CHI2RAYLTEST: Single sample Pearson Chi Square goodness-of-fit statistical test to examine a null hypothesis of Rayleigh Channel.
H=CHI2RAYLTEST(X,ALPHA) performs the particular case of Pearson Chi Square
test to determine whether the null hypothesis of a Rayleigh channel realization is a reasonable assumption regarding the population distribution of a complex random sample X with the desired significance level ALPHA.
H indicates the result of the hypothesis test according to the MATLAB rules of conditional statements:
H=1 => Do not reject the null hypothesis at significance level ALPHA.
H=0 => Reject the null hypothesis at significance level ALPHA.
The Chi Square hypotheses and test statistic in this particular case are:
Null Hypothesis: X is a base-band Rayleigh channel realization with unknown mean and variance.
Alternative Hypothesis: X is not a Rayleigh channel realization.
The complex random sample X is shifted by its estimated mean and normalized by its estimated standard deviation giving Rayleigh parameter b=1/sqrt(2).
The test drops K factor of Rician distribution for K > -inf[dB], so that the random sample from a Rician channel realization will pass the test as well. The tested bins XP are chosen to give 10 tested bins with equal expected probability. These bins
supply a sufficient statistic for
LENGTH(X)>=100.
Let E(x) be the expected frequency X falls within XP according to the Rayleigh distribution and O(x) be the observed frequency. The Pearson statistic, X2=SUM((E(x)-O(x))^2/E(x)) distributes Chi Square with
LENGTH(XP)-2 degrees of freedom.
The decision to reject the null hypothesis is taken when the P value (probability that Chi2 random value with length(XP)-2 degrees of freedom is greater than X2) is less than significance level ALPHA.

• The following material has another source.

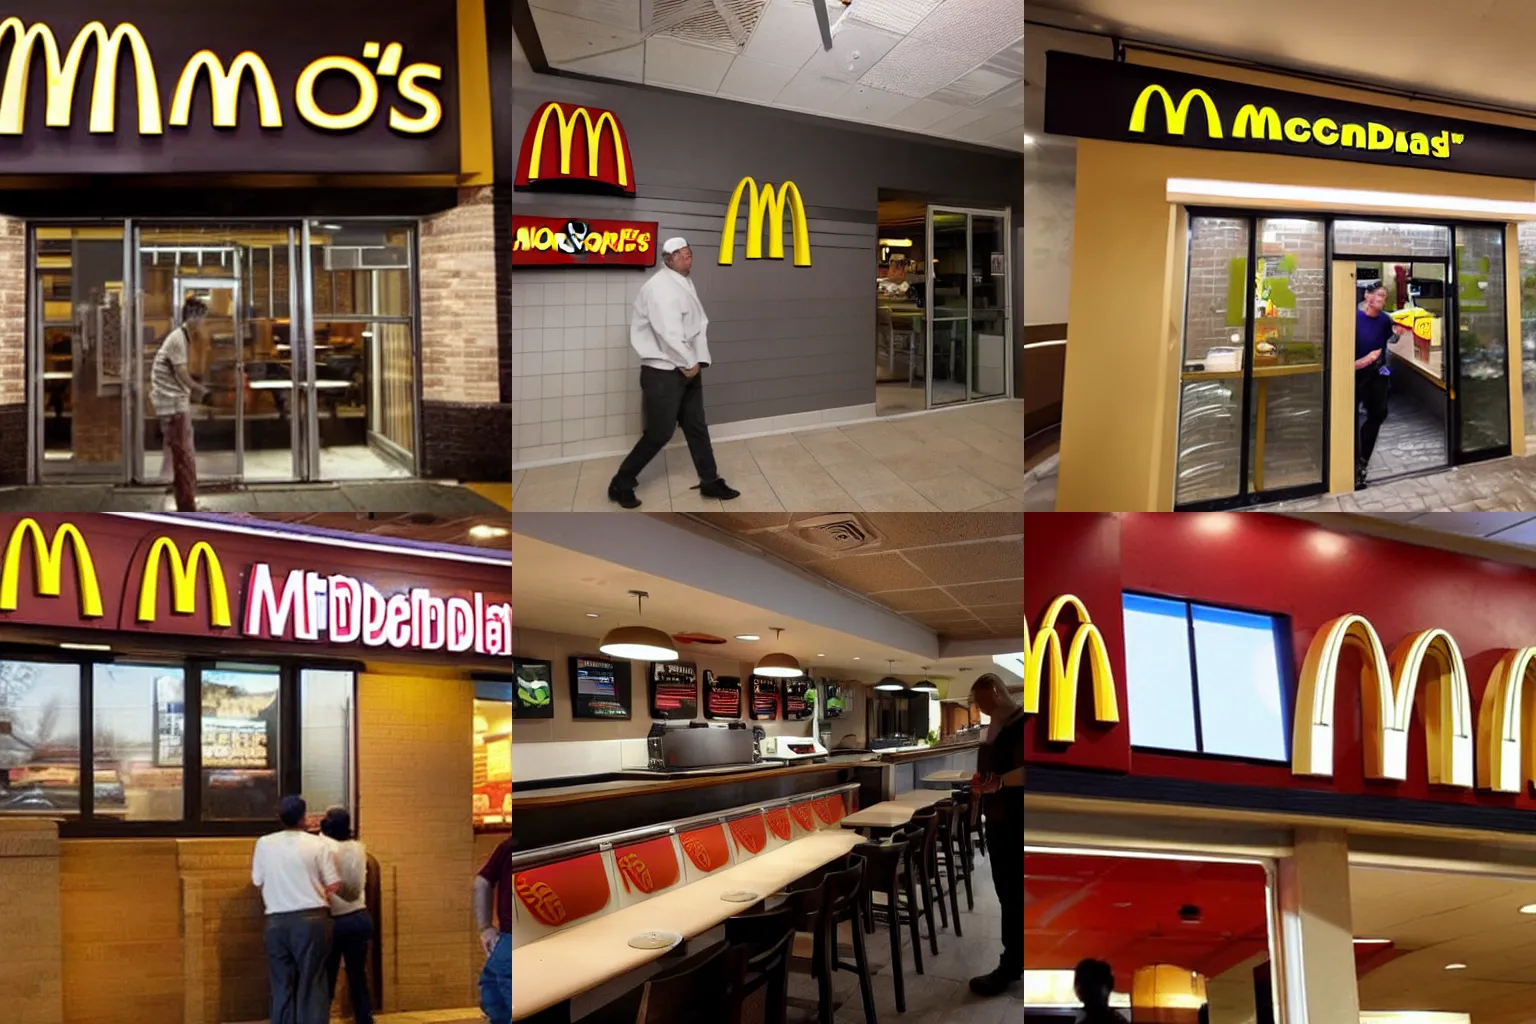 Prompt: man discovers a secret McDonalds restaurant, full of customers, behind a wall in his basement
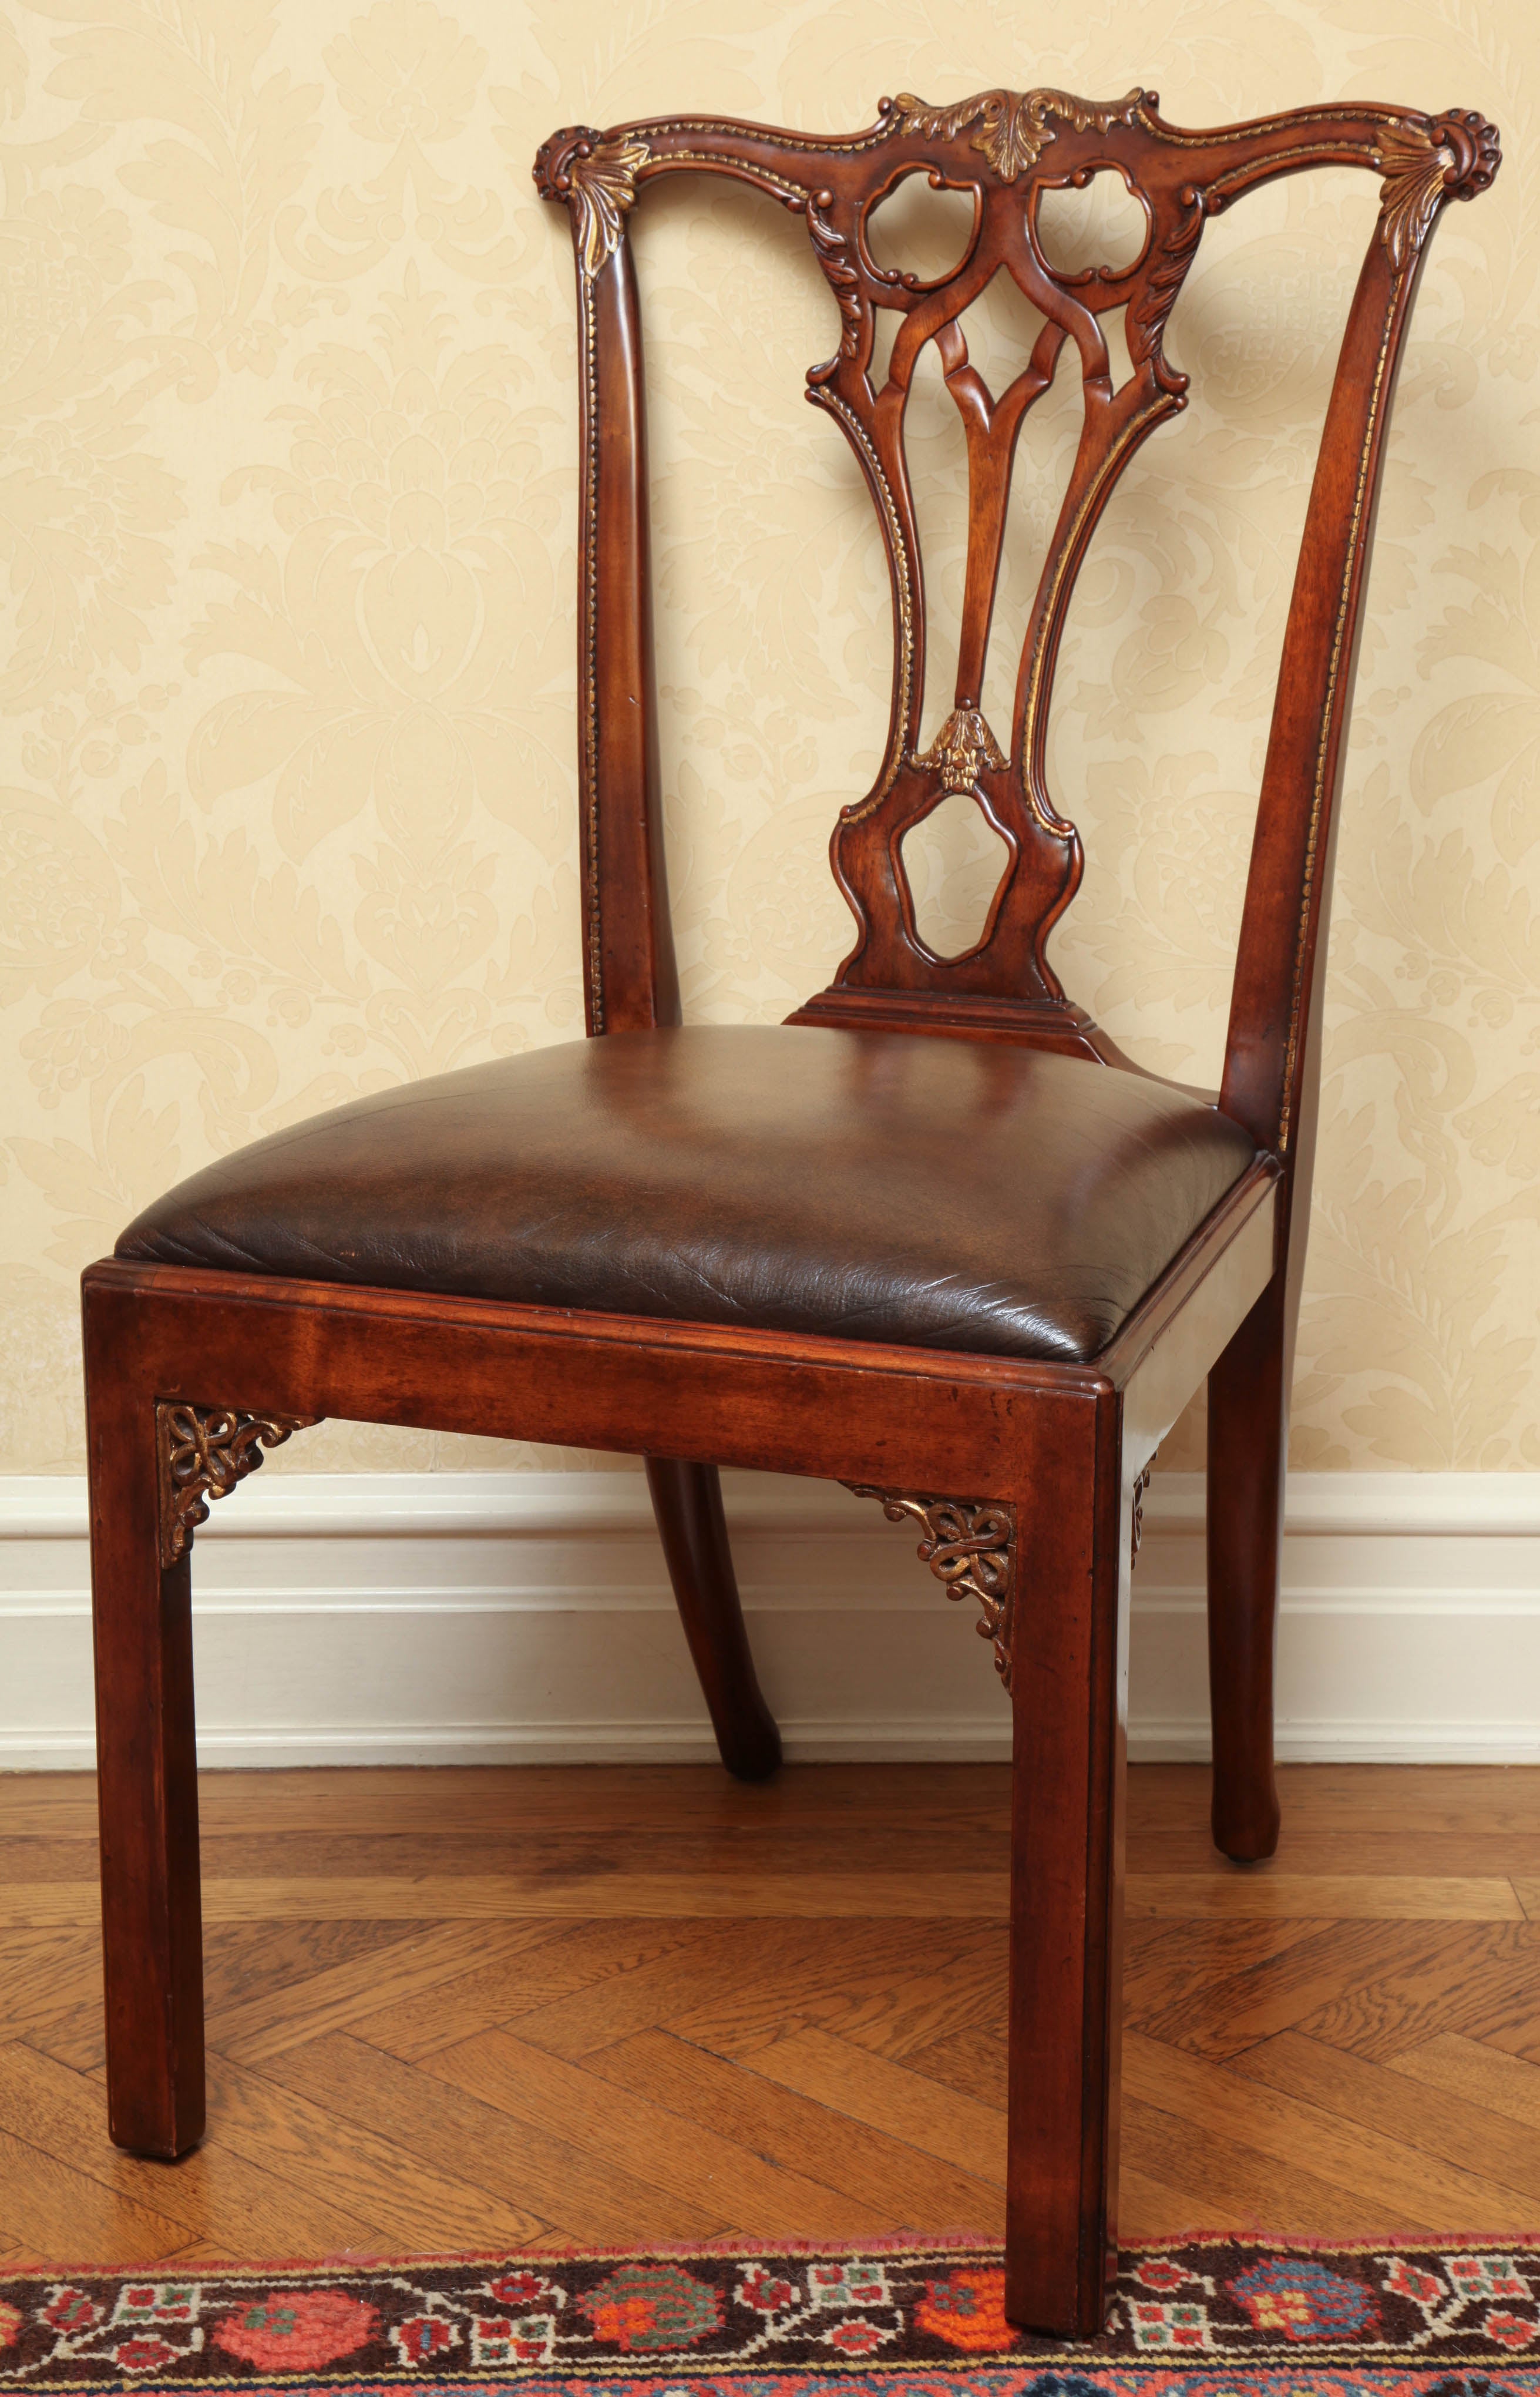 Each mahogany side chair after a period Chippendale design with parcel-gilt decoration and drop-in leather seat.

X must be a complex row vector representing a random sample corresponding to a base-band channel realization.
ALPHA must be a scalar.
The function doesn't check the formats of X and ALPHA, as well as a number of the input and output parameters.
Author: G. Levin, June, 2003.
References:
W. T. Eadie, D. Drijard, F. E. James, M Roos and B. Sadoulet, "Statistical Methods in Experimental Physics", North-Holland, Sec. Reprint, 1982. |